If you’d rather just view code, the GitHub Repository is here .

In years past, when writing code in Part Two where we had to make minor refactorings to the code we wrote in Part One, I’d walk us through the refactoring. Personally, I find that a bit hard to explain and it can get a bit confusing. This year, I’m just going to tell you in Part One why we are making a seemingly odd choice for a data structure or parameter and let you know that something about this changes in Part Two, but not exactly what. That way, if you don’t want spoilers you won’t know precisely what changes in Part Two, but when we get there we’ll have an easier time of it.

This applies to today’s puzzle solution.

Puzzle Input

At a high level we will take today’s puzzle input as a List<String> and have two functions use it to parse the stacks and instructions.

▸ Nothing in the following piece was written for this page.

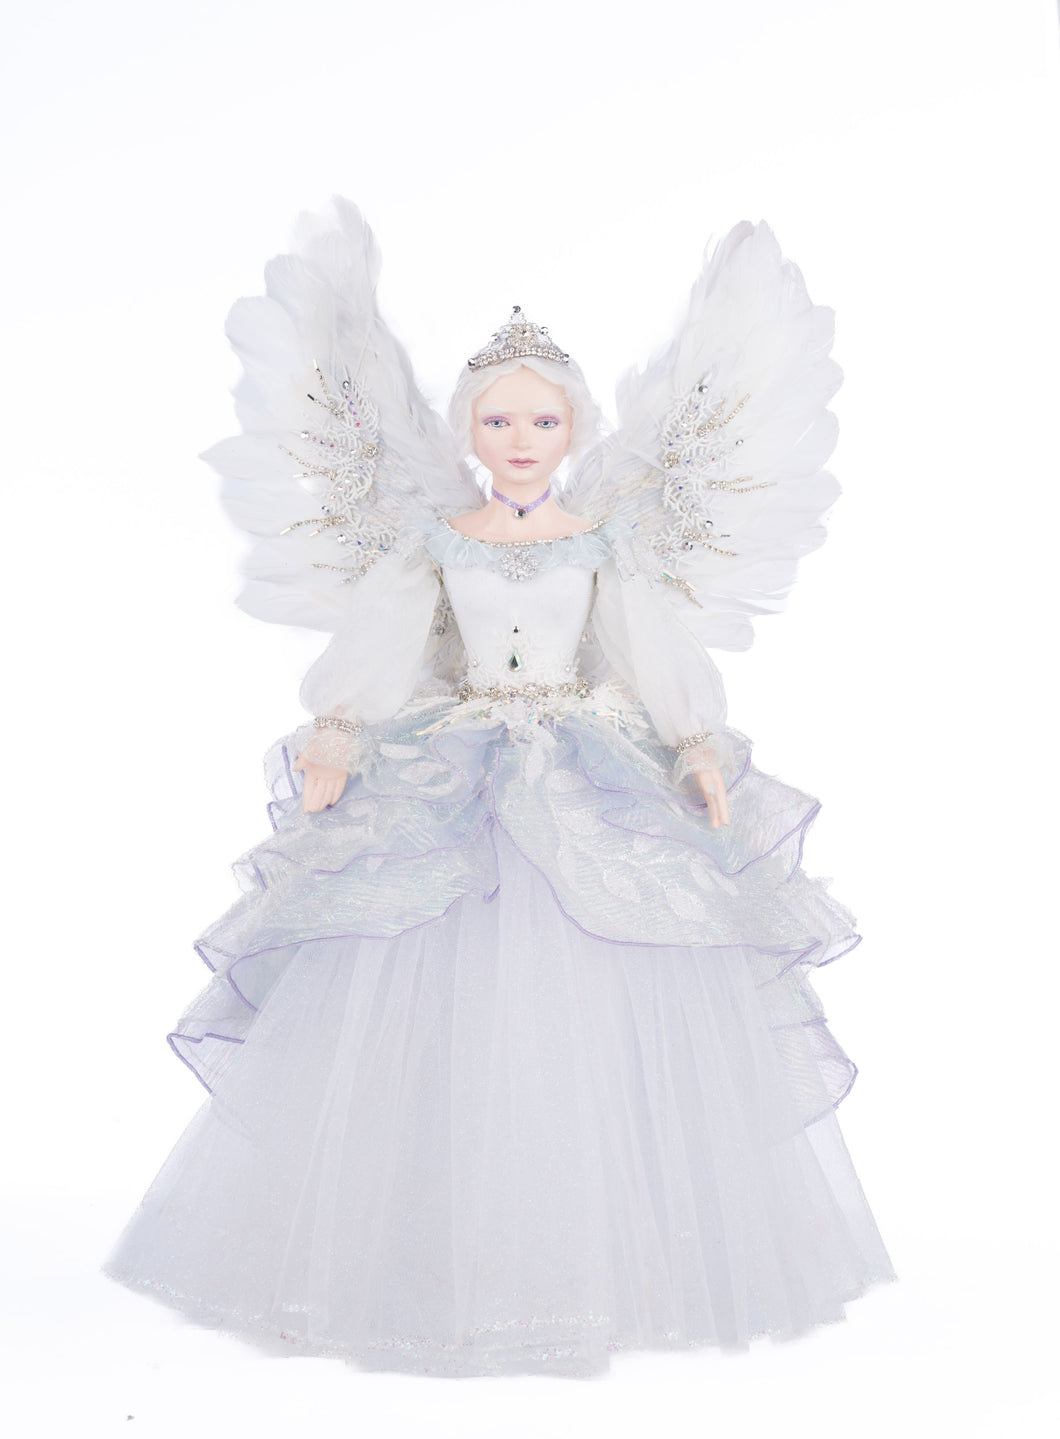 Katherine's Collection Crystalline Angel Tree Topper

class Day05(input: List<String>) {

    private val stacks: List<MutableList<Char>> = createStacks(input)
    private val instructions: List<Instruction> = parseInstructions(input)
}

Since our input today is quite complicated and is broken up into two sections, we’ll break our discussion into two sections as well.

Puzzle Input: Stacks

As usual, let’s decide how we want to represent the stacks of crates. For each individual stack of crates, we’ll go with a MutableList<Char> and the “top” of the stack will be the first element in the list. I find this easier to reason about despite possibly paying a small penalty for constantly adding and removing items from the list at the head of the list. We could reverse the lists and make the top of the stack the last element in each list, but I think this confusing. We will store each of our individual MutableList<Char> stacks in a List, ending up with a List<MutableList<Char>>.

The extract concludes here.